*Task objective*. Carry over every entry exactly as written, though not the pictures it contains.

# # #

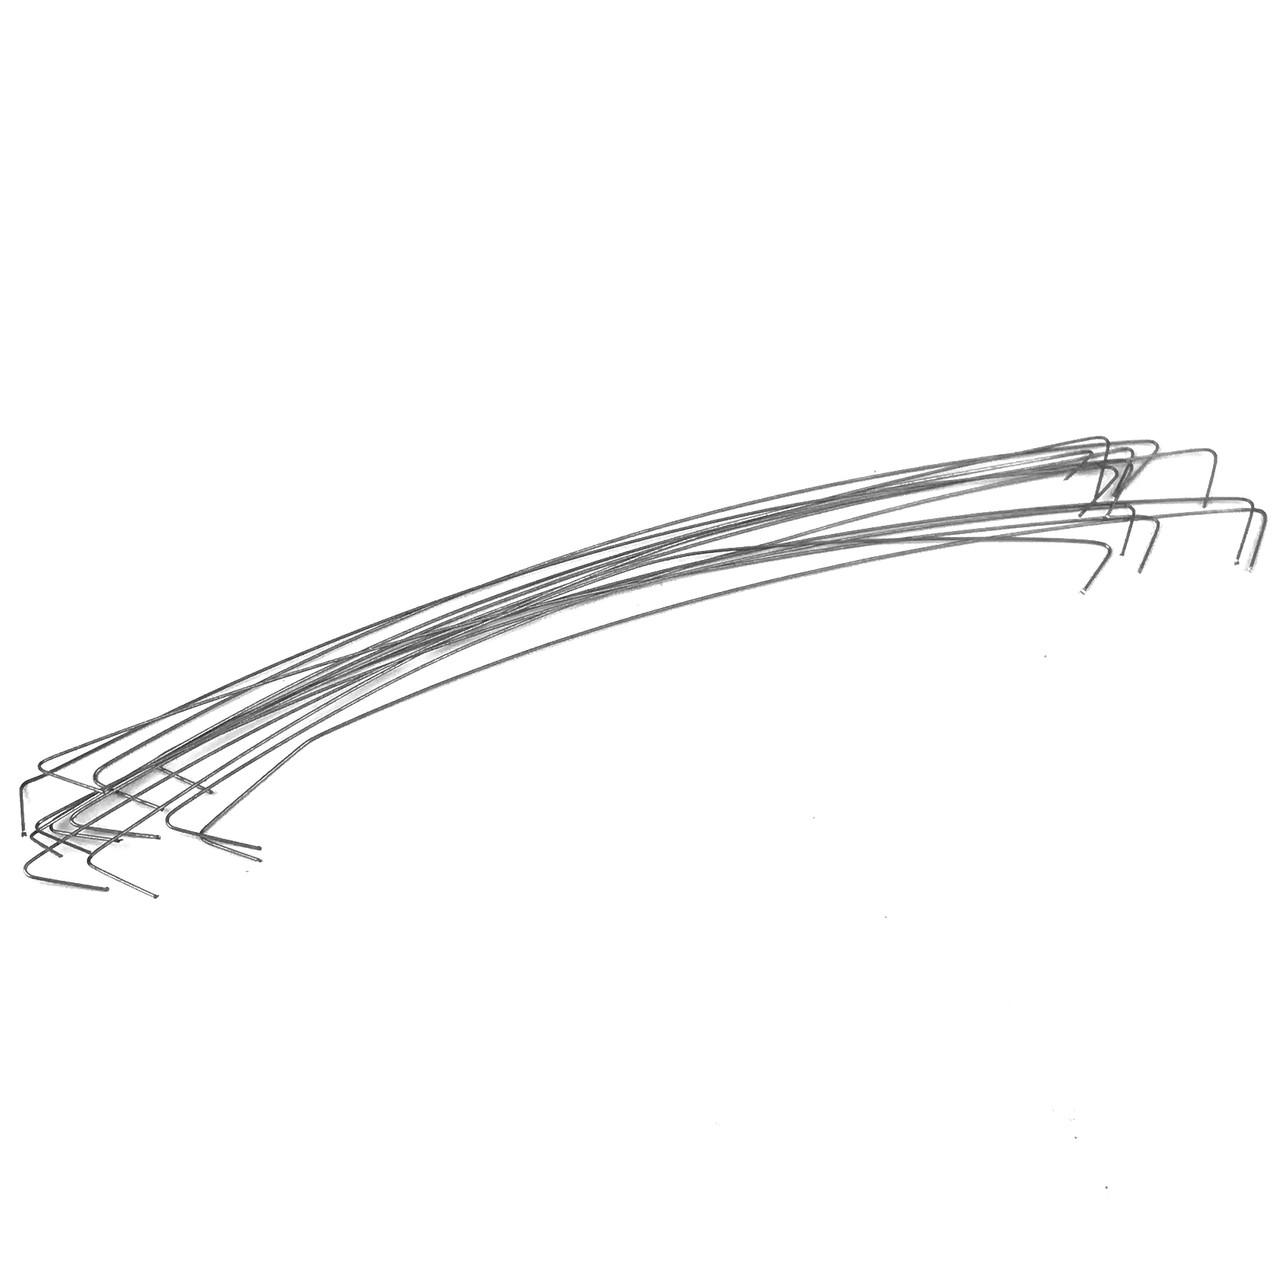 Проволока стальная для петель прямой кишки (упаковка 12 штук). Диаметр 0,3 mm Surgiwelomed
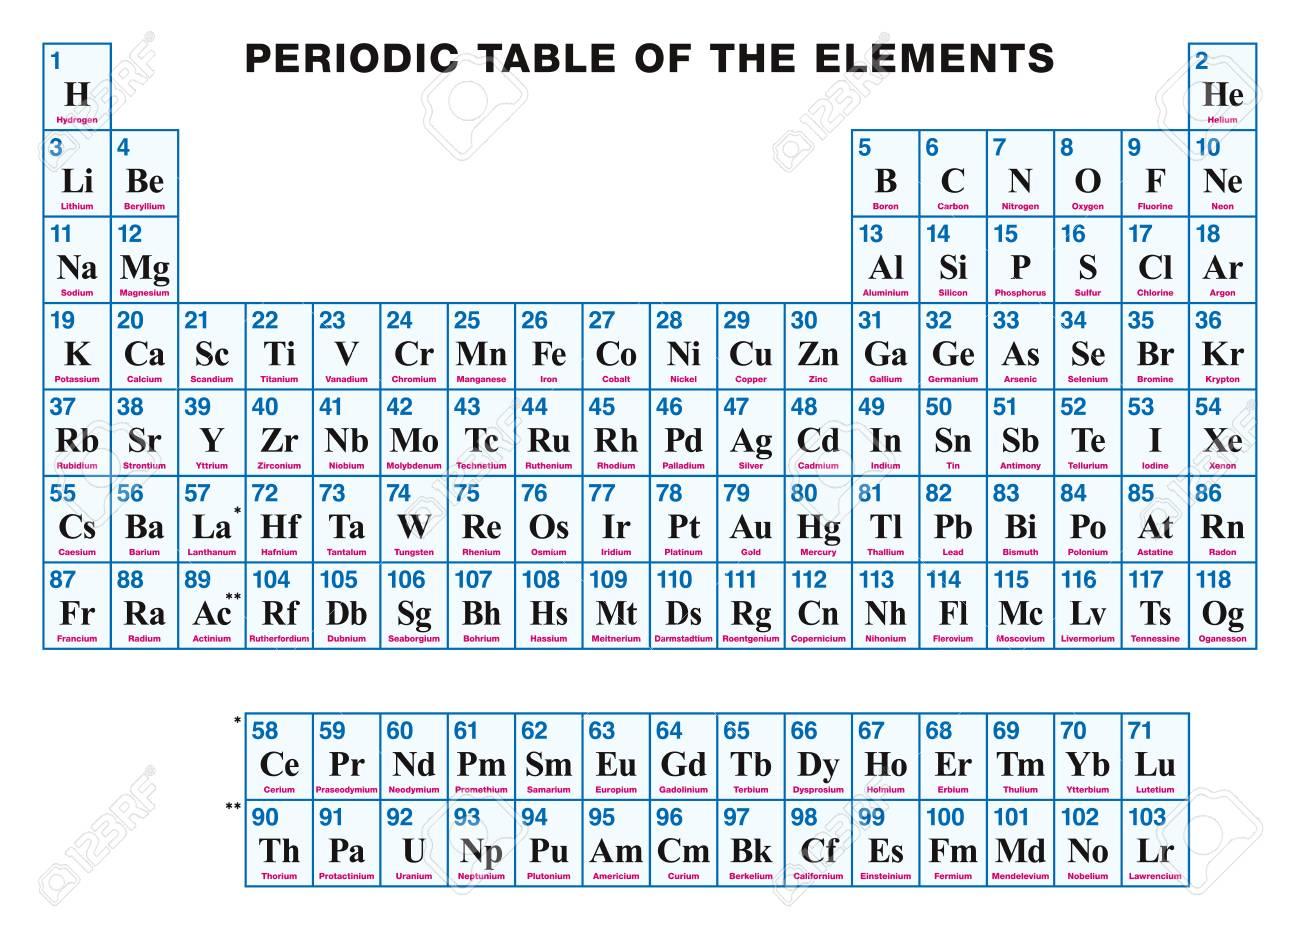 Tabla peridica de los elementos ingls arreglo tabular de los foto de archivo tabla peridica de los elementos ingls arreglo tabular de los elementos qumicos con sus nmeros atmicos smbolos y nombres urtaz Images
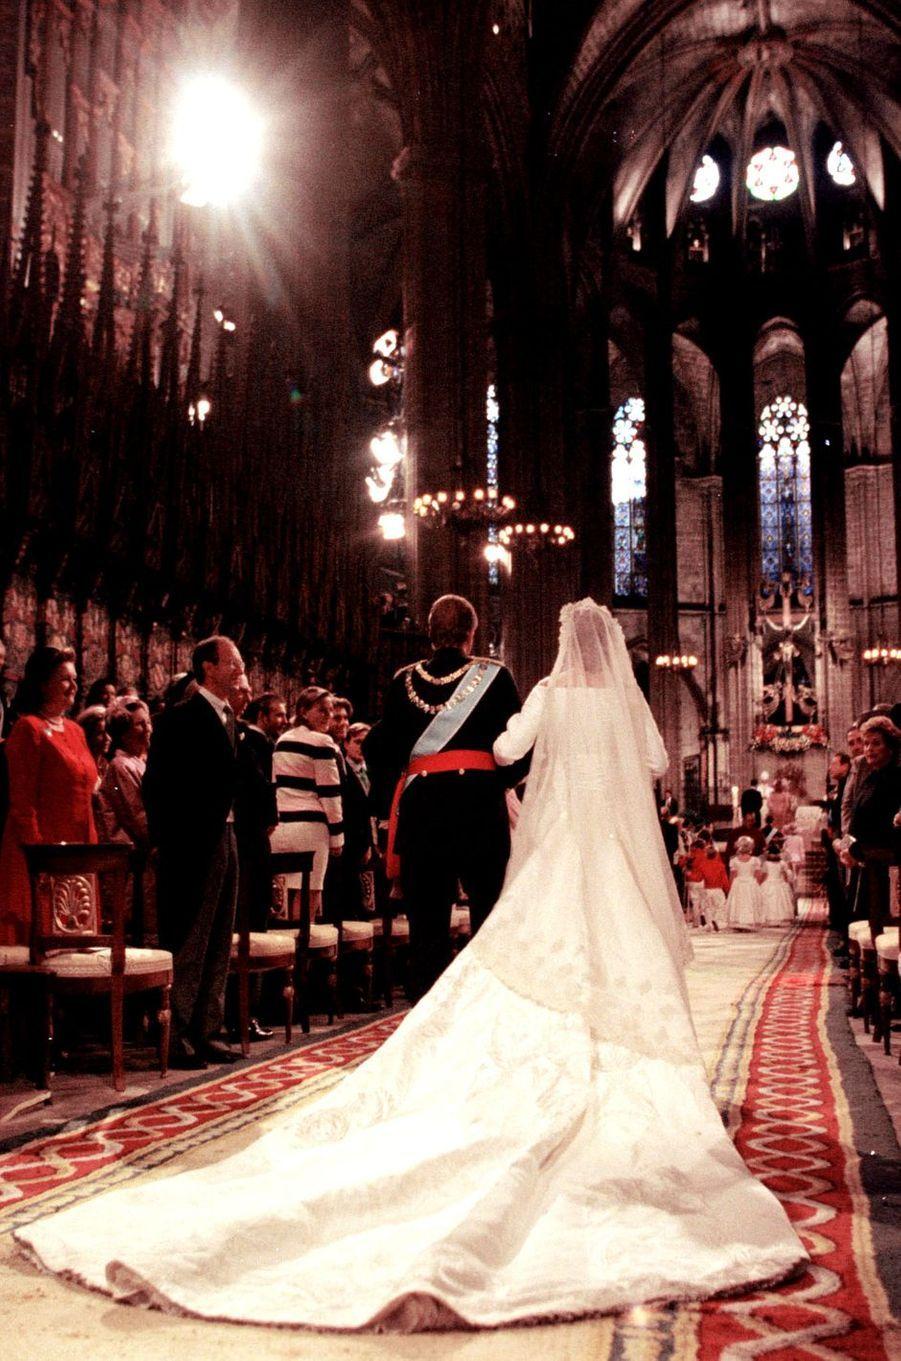 L'infante Cristina d'Espagne le jour de son mariage avec son père le roi Juan Carlos, à Barcelone le 4 octobre 1997
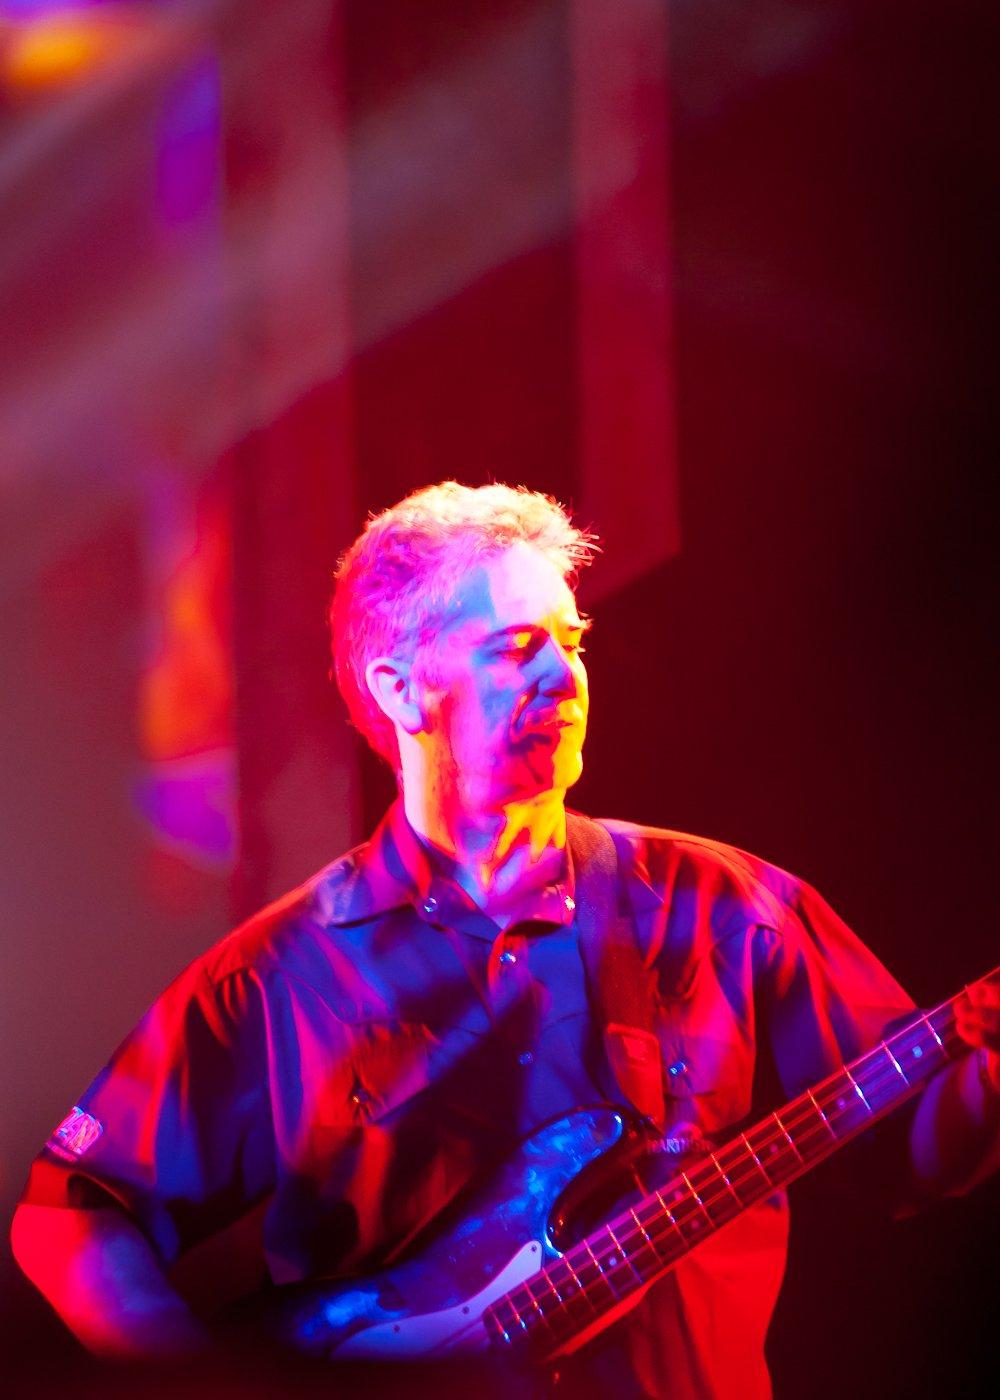 И снова Морхейм. На этот раз в красном свете и с басухой, потому что Elite Tauren Chieftain дает концерт.
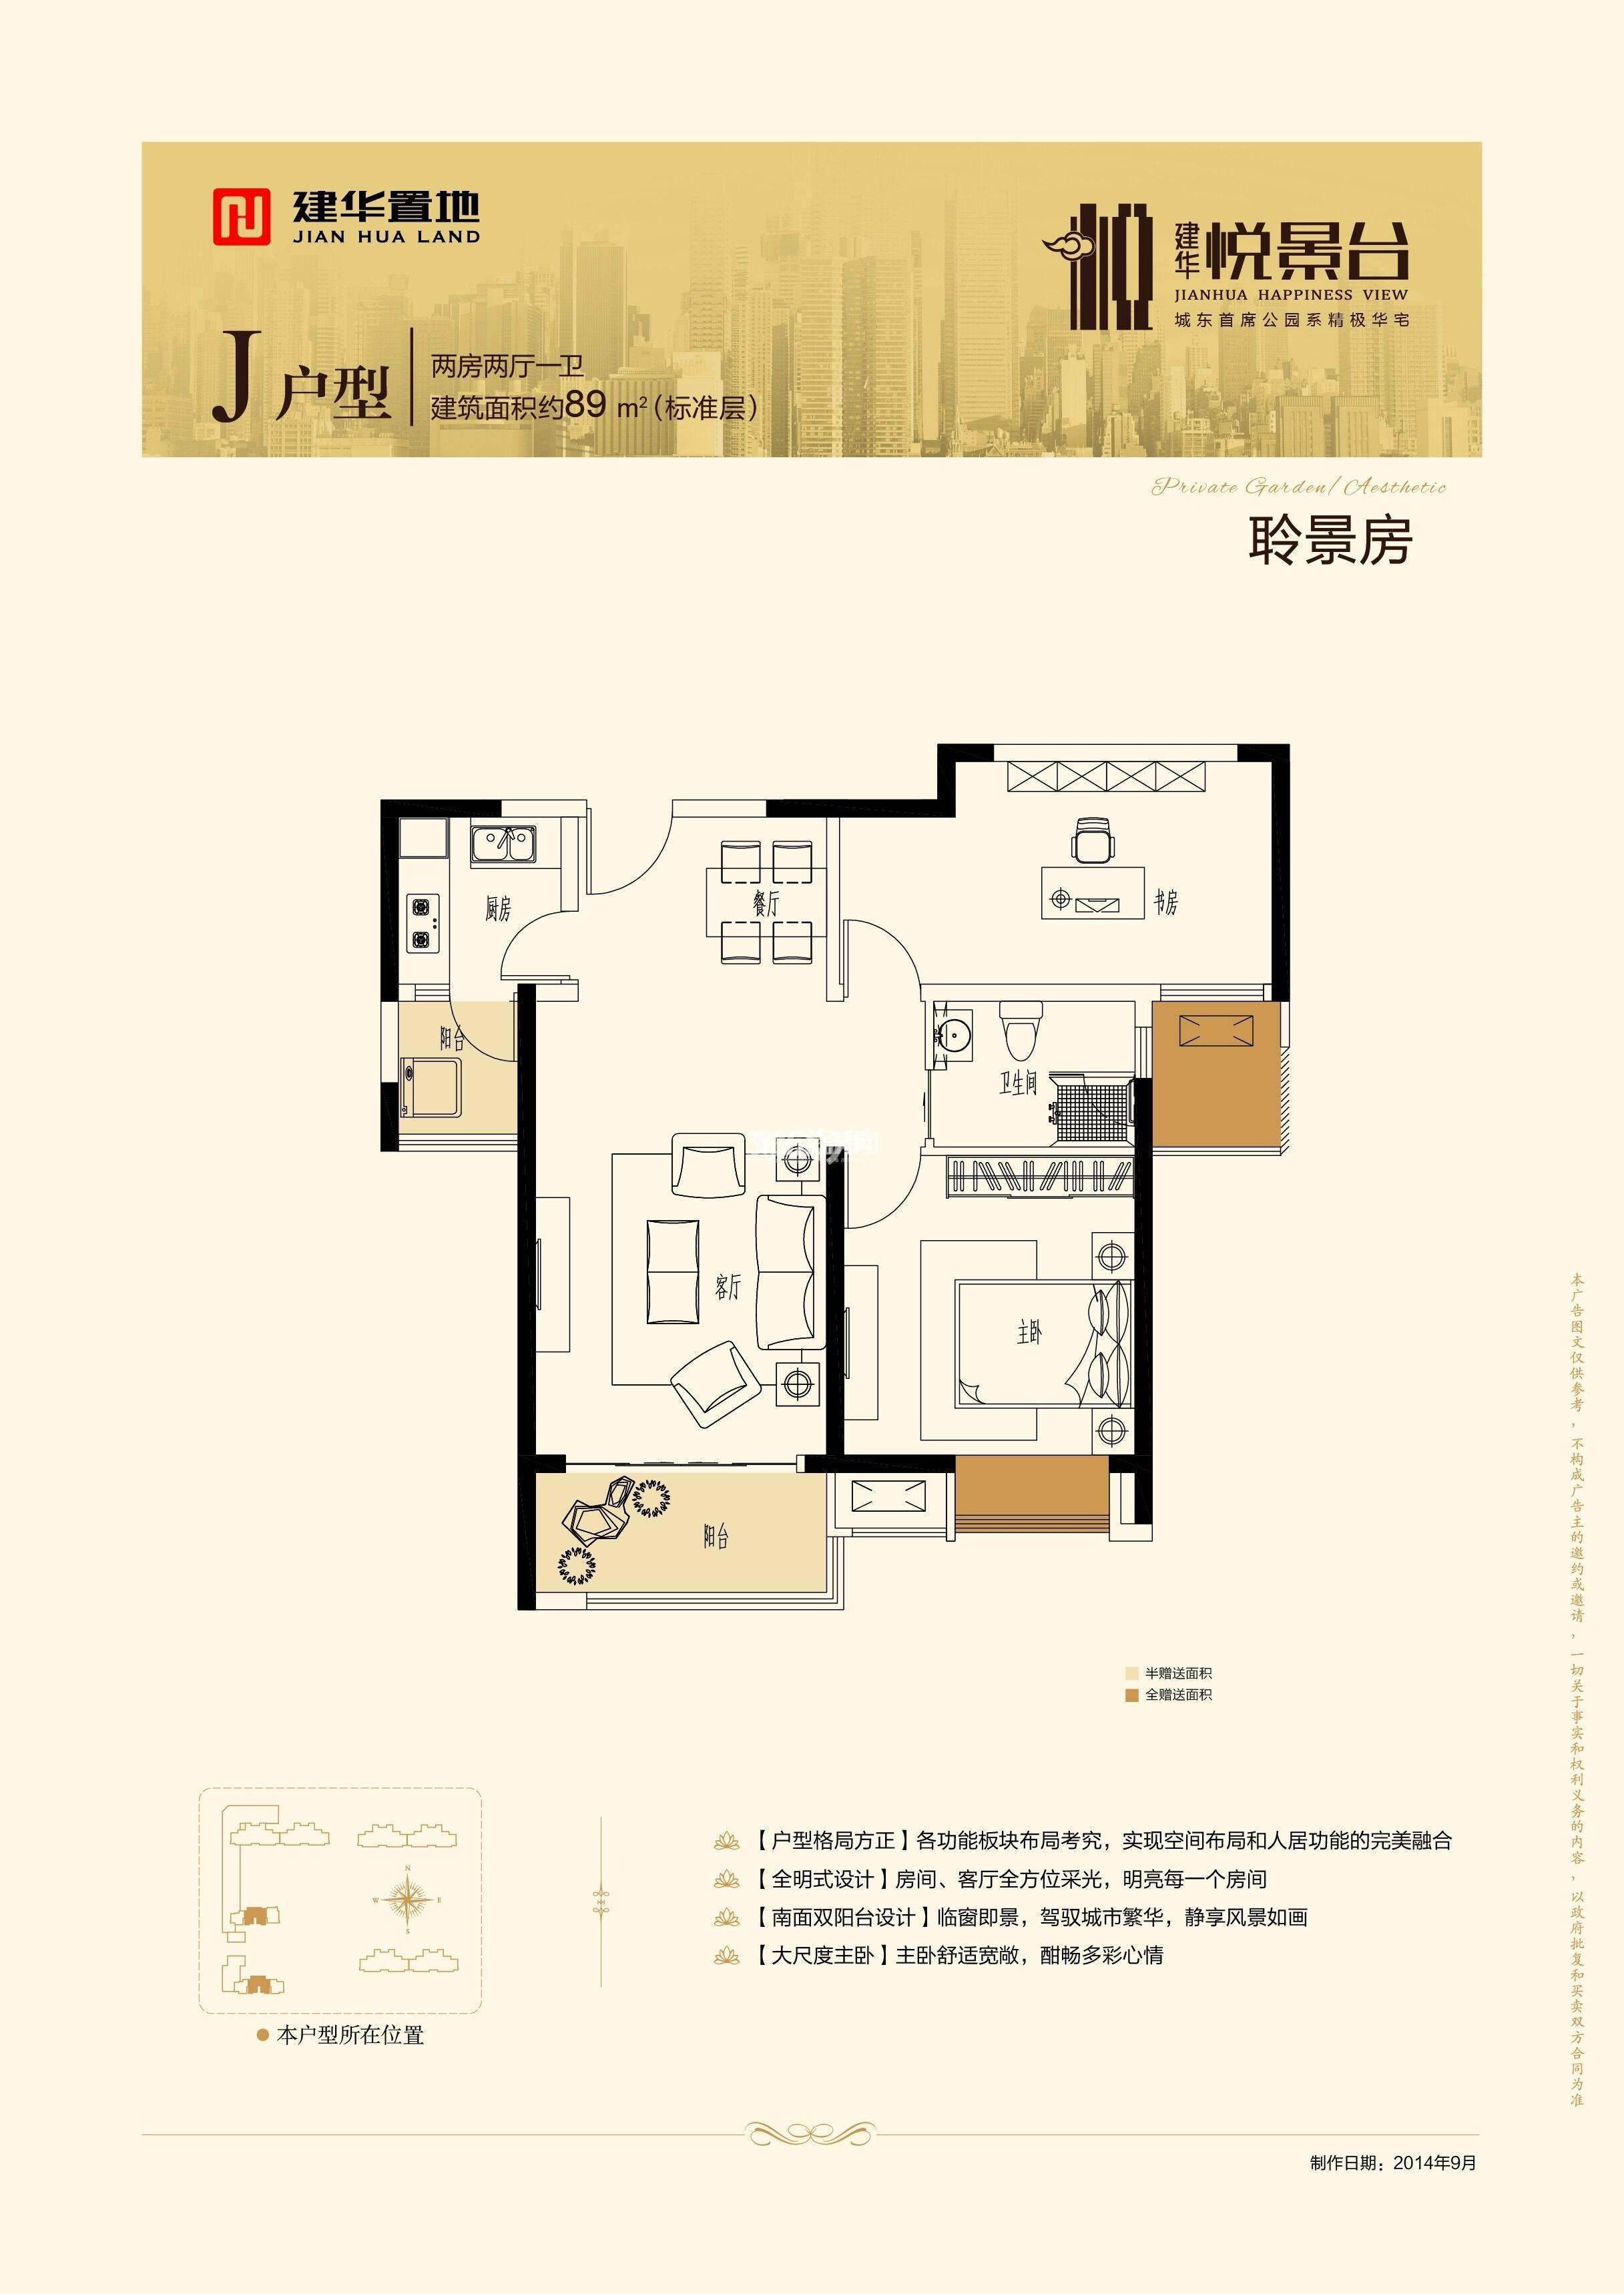 悦景台89㎡户型图

# # #

*Your solution*.
 Проволока стальная для петель прямой кишки (упаковка 12 штук). Диаметр 0,3 mm Surgiwelomed
 Tabla peridica de los elementos ingls arreglo tabular de los foto de archivo tabla peridica de los elementos ingls arreglo tabular de los elementos qumicos con sus nmeros atmicos smbolos y nombres urtaz Images
 L'infante Cristina d'Espagne le jour de son mariage avec son père le roi Juan Carlos, à Barcelone le 4 octobre 1997
 И снова Морхейм. На этот раз в красном свете и с басухой, потому что Elite Tauren Chieftain дает концерт.
 悦景台89㎡户型图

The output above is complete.